Limitations and criticism
Twins and close relatives
Inconsistent results have been shown when testing Face ID on identical twins, with some tests showing the system managing to separate the two, while other tests have failed. The system has additionally been fooled by close relatives. Apple states that the probability of a false match is different for twins and siblings, as well as children under 13 years of age, as "their distinct facial features may not have fully developed".
Law enforcement access
Face ID has raised concerns regarding the possibility of law enforcement accessing an individual's phone by pointing the device at the user's face. United States Senator Al Franken asked Apple to provide more information on the security and privacy of Face ID a day after the announcement, with Apple responding by highlighting the recent publication of a security white paper and knowledge base detailing answers.
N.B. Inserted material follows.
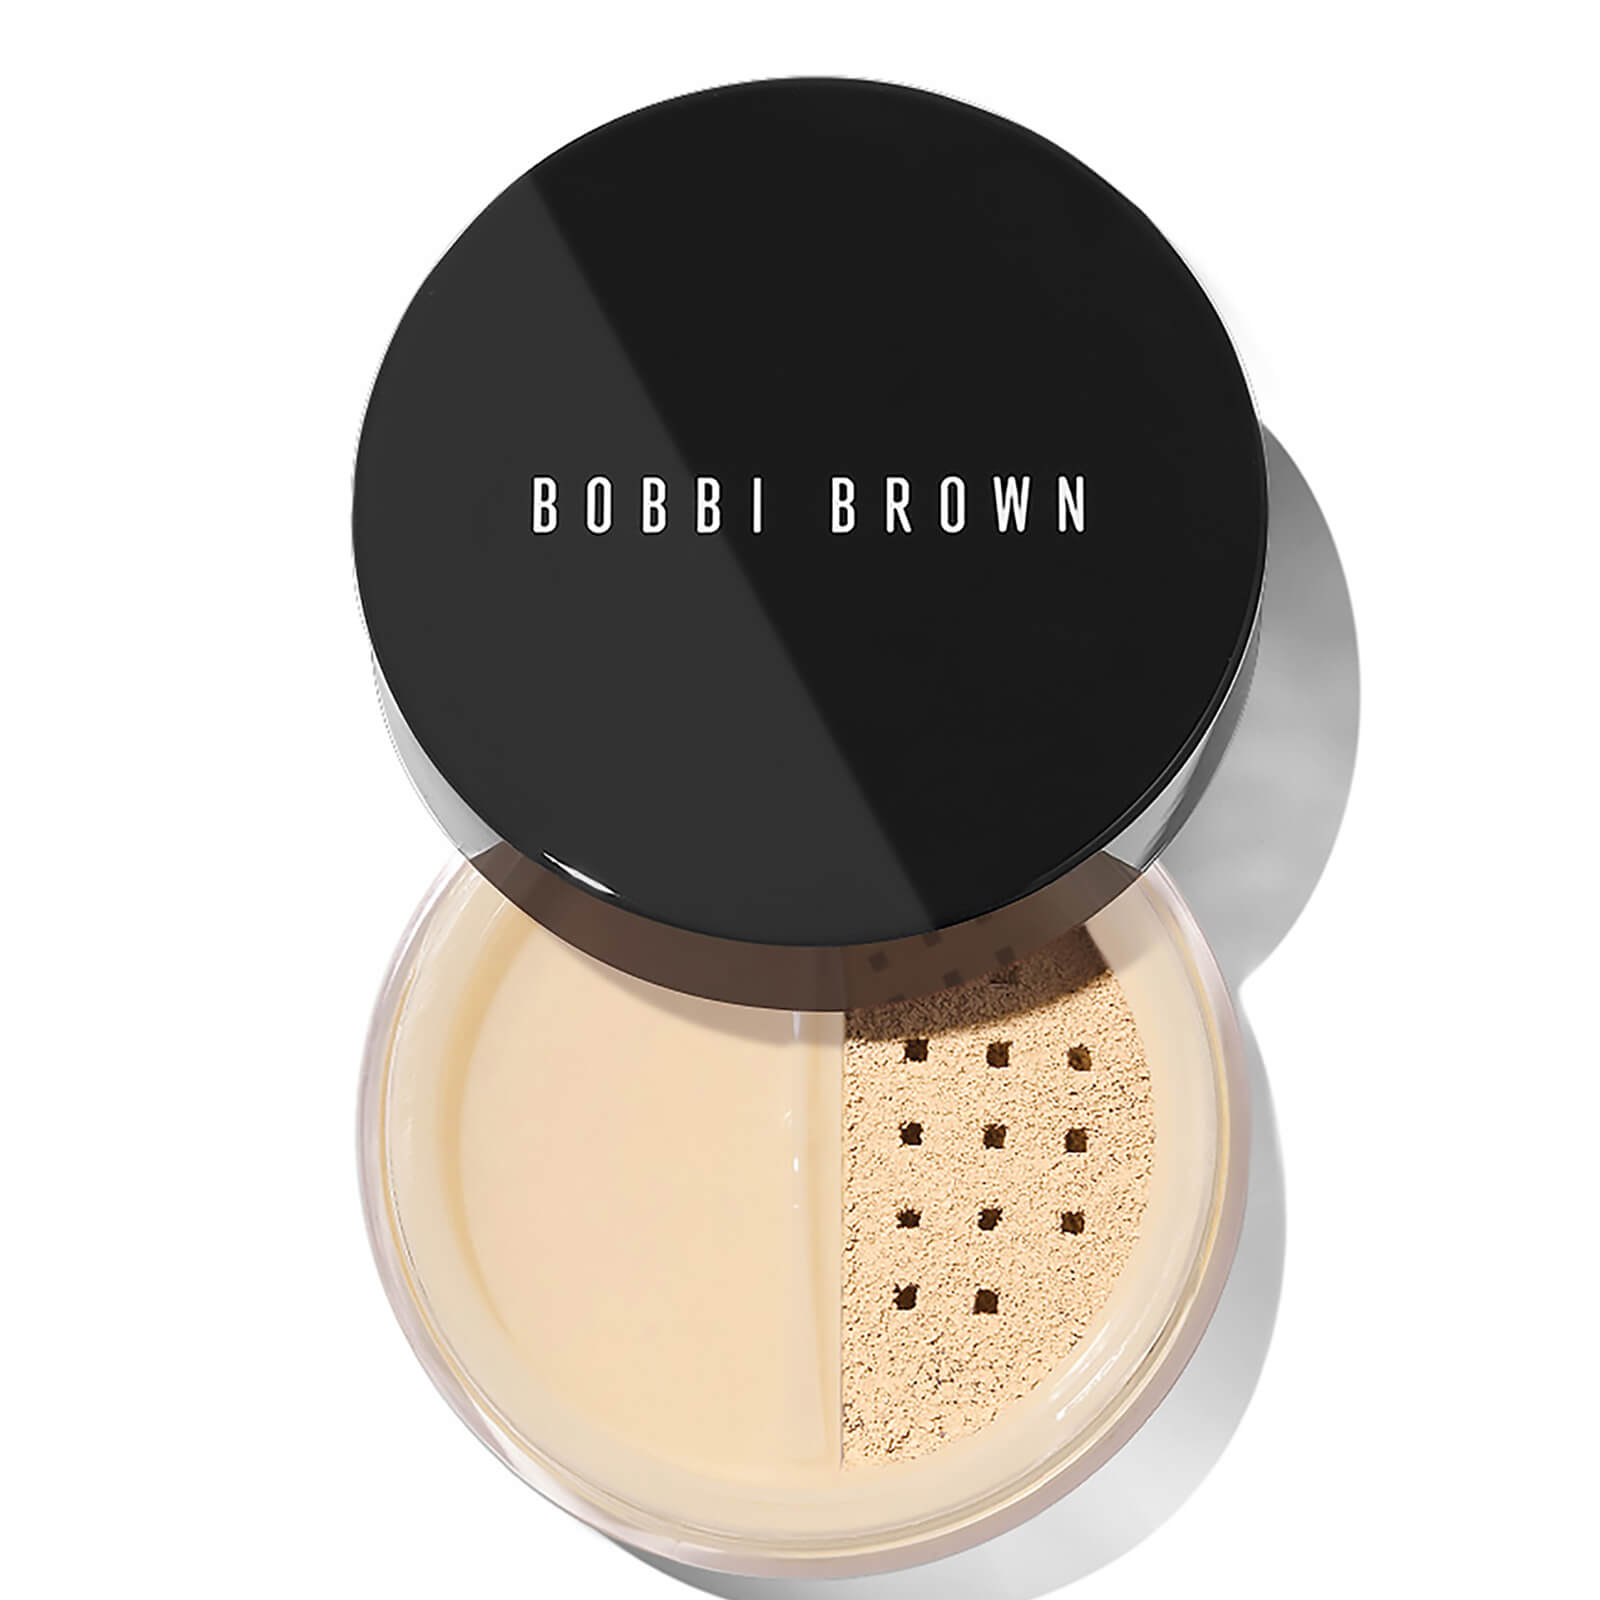 Bobbi Brown Sheer Finish Loose Powder 10g (Various Shades) - Soft Sand
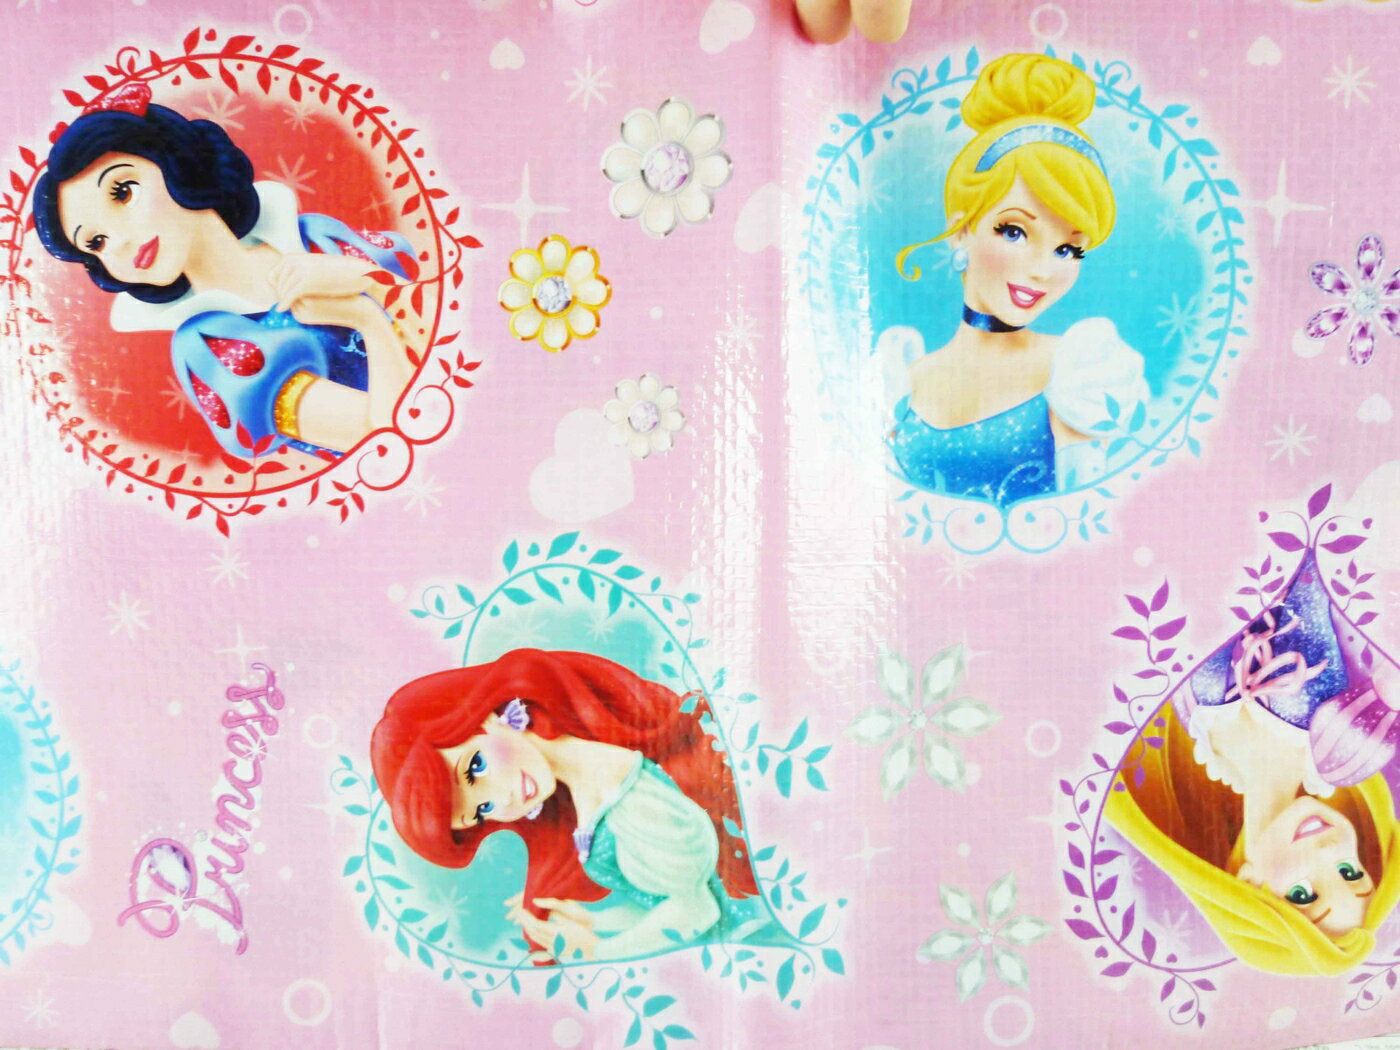 【震撼精品百貨】Disney 迪士尼 小美人魚-野餐墊-粉 震撼日式精品百貨

The Verge noted that courts in the United States have granted different Fifth Amendment rights in the United States Constitution to biometric unlocking systems as opposed to keycodes. Keycodes are considered "testimonial" evidence based on the contents of users' thoughts, whereas fingerprints are considered physical evidence, with some suspects having been ordered to unlock their phones via fingerprint.
Many people have attempted to break through Face ID with sophisticated masks, though most have failed. In November 2017, Vietnamese security firm Bkav announced in a blog post that it had successfully created a $150 mask that tricked Face ID, though WIRED noted that Bkav’s technique was more of a "proof-of-concept" rather than active exploitation risk, with the technique requiring a detailed measurement or digital scan of the iPhone owner’s face, putting the real risk of danger only to targets of espionage and world leaders.
Third-party developer access to facial maps
Reuters reported in early November 2017 that Apple would share certain facial data on users with third-party app developers for more precise selfie filters and for fictional game characters to mirror real-world user facial expressions. Although developers are required to seek customer permission, are not allowed to sell the data to others nor create profiles on users nor use the data for advertising, and are limited to a more "rough map" rather than full capabilities, they still get access to over 50 kinds of facial expressions. The American Civil Liberties Union (ACLU) and the Center for Democracy and Technology raised privacy questions about Apple’s enforcement of the privacy restrictions connected to third-party access, with Apple maintaining that its App Store review processes were effective safeguards. The "rough map" of facial data third-parties can access is also not enough to unlock the device, according to Reuters. However, the overall idea of letting developers access sensitive facial information was still not satisfactorily handled, according to Jay Stanley, a senior policy analyst with the ACLU, with Stanley telling Reuters that "the privacy issues around of the use of very sophisticated facial recognition technology for unlocking the phone have been overblown. … The real privacy issues have to do with the access by third-party developers".